Elfie (Elfriede) Fiegert (born April 1946, in Freising, Bavaria, West Germany) is an Afro-German film actor who became famous as a child actor for playing the lead role in the film Toxi (1952) filmed when she was five years old. This was followed in 1955 with the film The Dark Star which has erroneously been described as a sequel. At the age of seventeen she had a small role in The House in Montevideo (1963).

==Toxi==
Elfie did not receive a credit for her role in Toxi. She was described as playing herself. The publicity for the film suggested that the story of the film, a young Afro-German girl being abandoned, reflected Elfie's own origins, and she came to use the stage name Toxi.

The name Toxi also became widely used as shorthand in the German media when referring to Afro-Germans and their social condition.

==Later career==
Reflecting upon Elfie's career as an example of racial stereotyping, Heide Fehrenbach suggests that whilst as a child actor, Elfie was typecast as a black child of the US occupation of Germany post-1945; the onset of puberty meant that she became exoticised, sexualised and geographically removed from Germany.

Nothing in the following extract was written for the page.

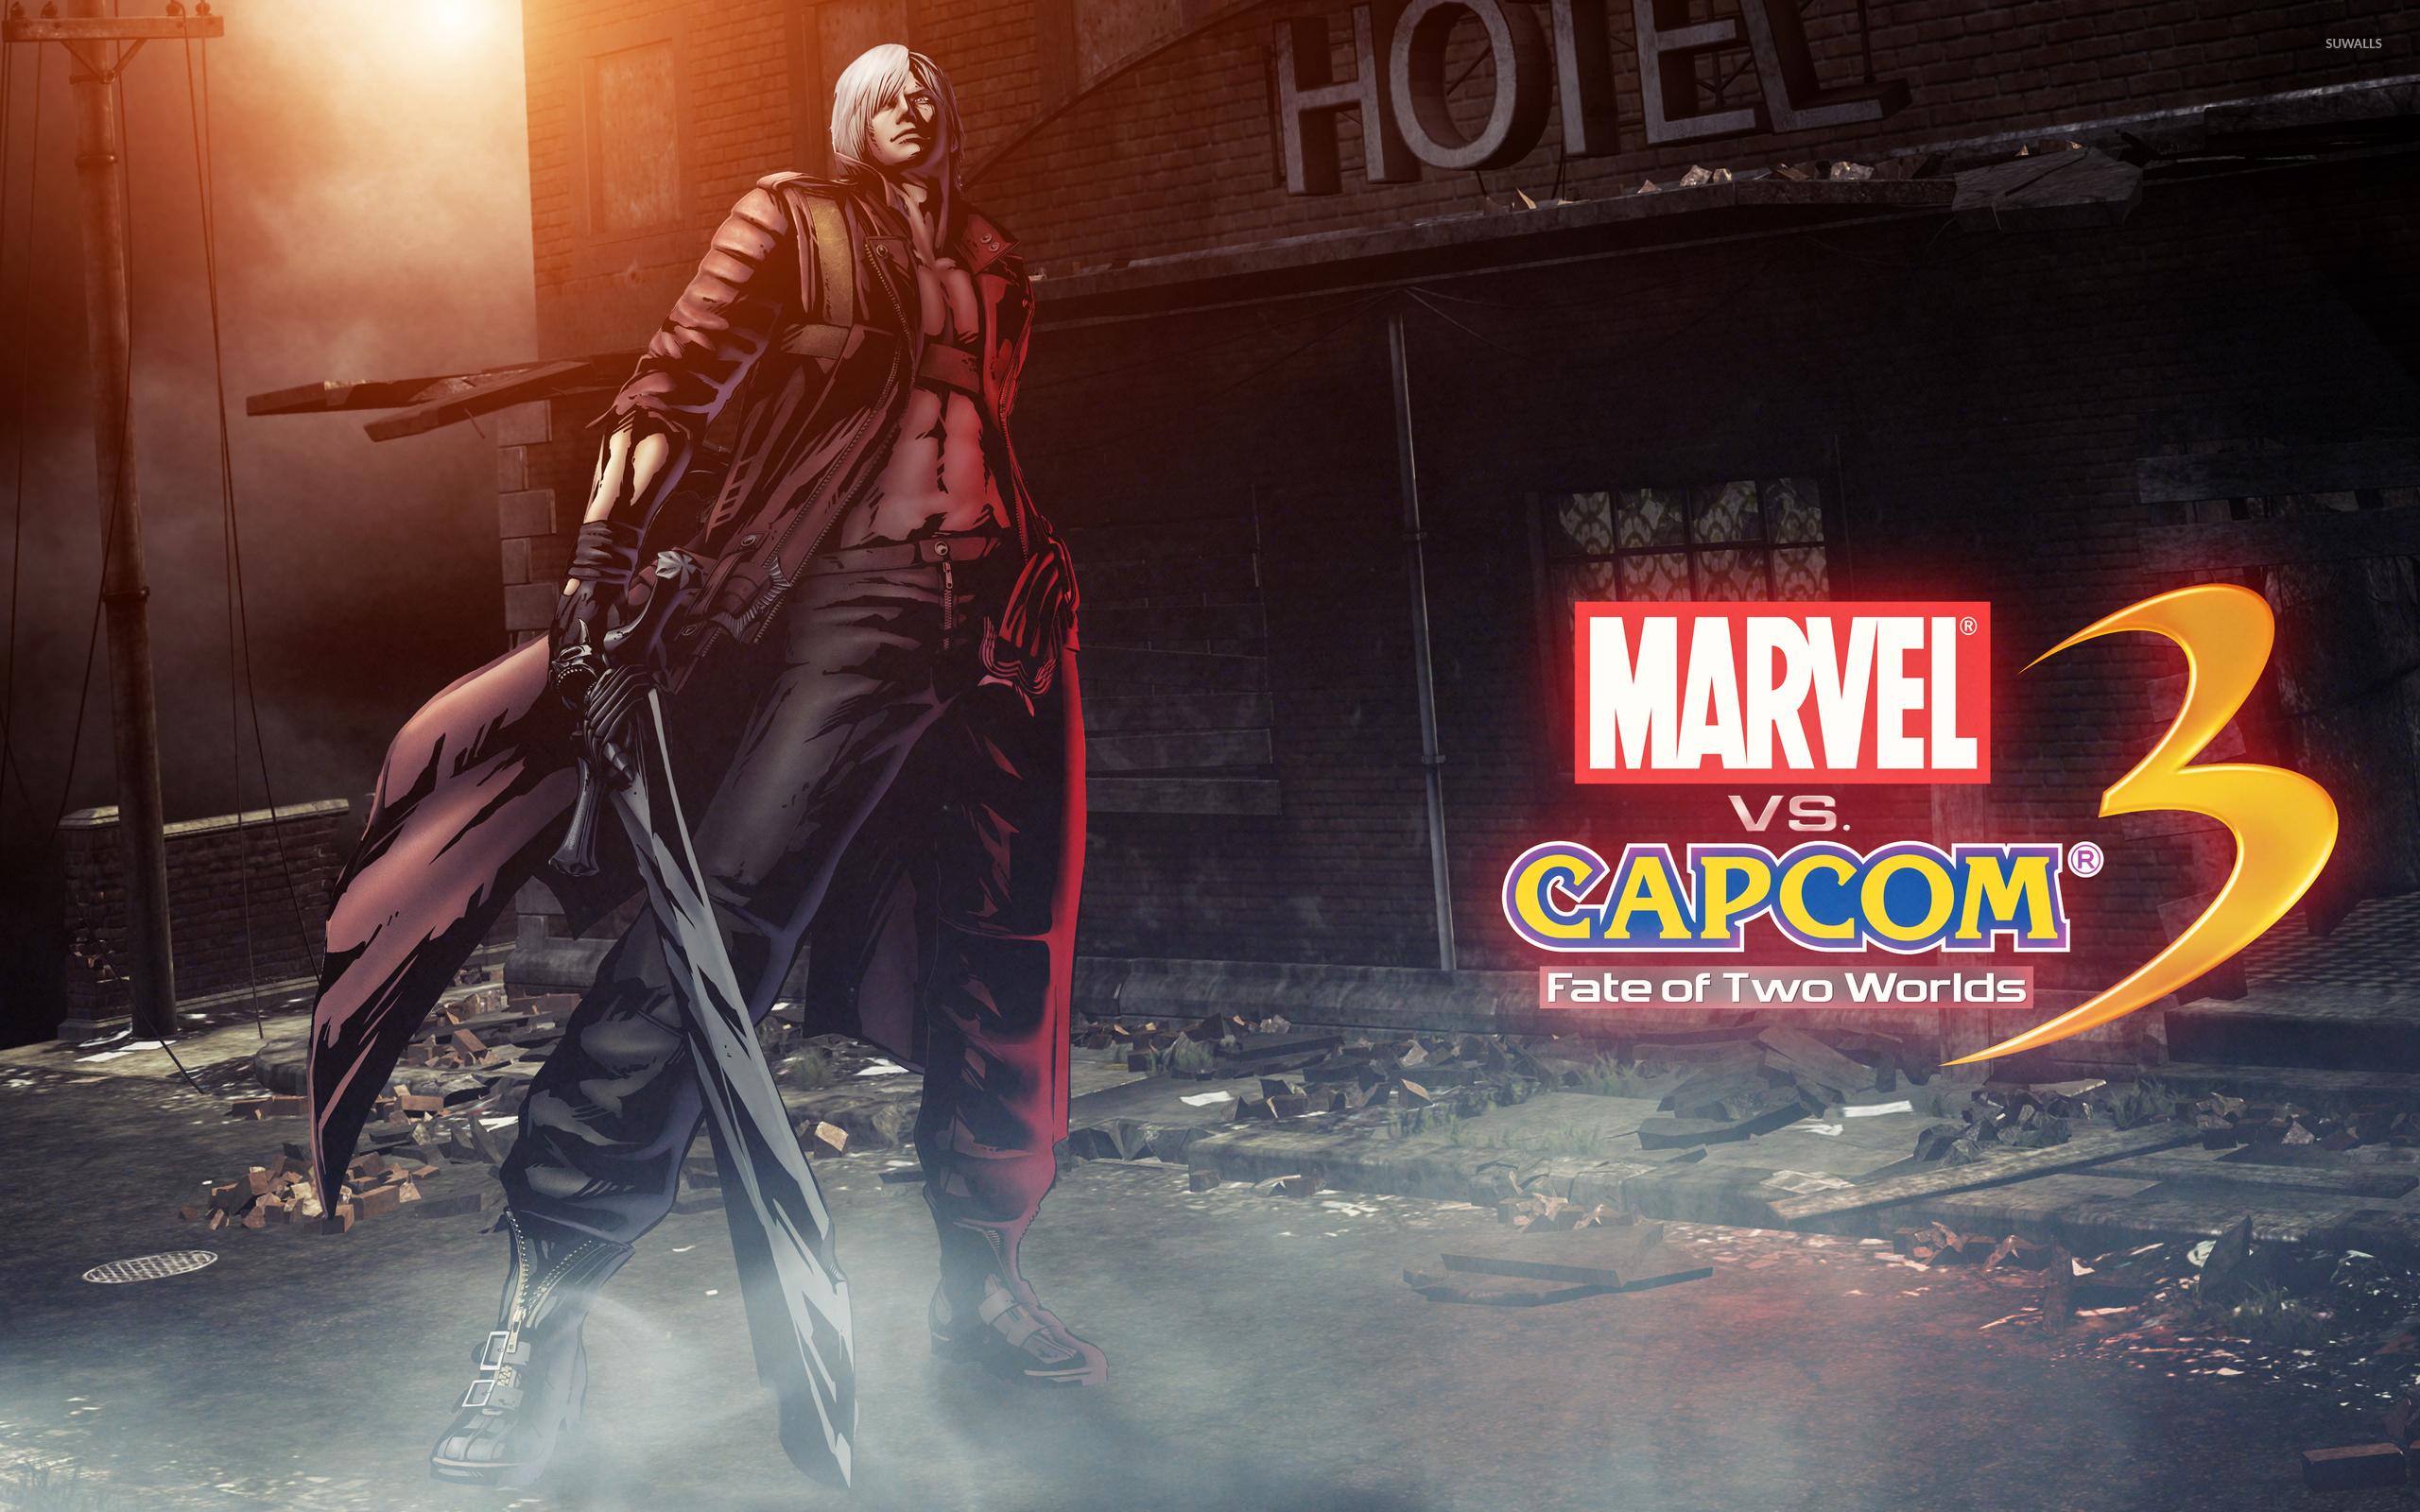 Marvel Vs Capcom 3 Dante Wallpaper Game Wallpapers 2710

In 1964, she married the Nigerian student Christopher Nwako in Munich, in 1965 they had a son, Okwudili John Nwako, in Munich. After they divorced, she resumed her acting career. She also appeared in documentaries on CBS and NBC. In 1986, it was reported she had remarried, living in Mallorca for the past 9 years and visiting Germany infrequently.

==Filmography==
Source:
- Toxi (1952)
- Stars Over Colombo (1953)
- The Dark Star (1955)
- Two Bavarians in the Harem (1957)
- Our Nifty Aunts (1961)
- The House in Montevideo (1963)
- Our Nifty Aunts in the South Pacific (1963)
- Our Crazy Aunts in the South Seas (1964)
- Salto Mortale (1969)
- NBC Experiment in Television: Color Me German (1969)
- Our Doctor is the Best (1969)
- Half and Half: Mischlinge in Germany (1972)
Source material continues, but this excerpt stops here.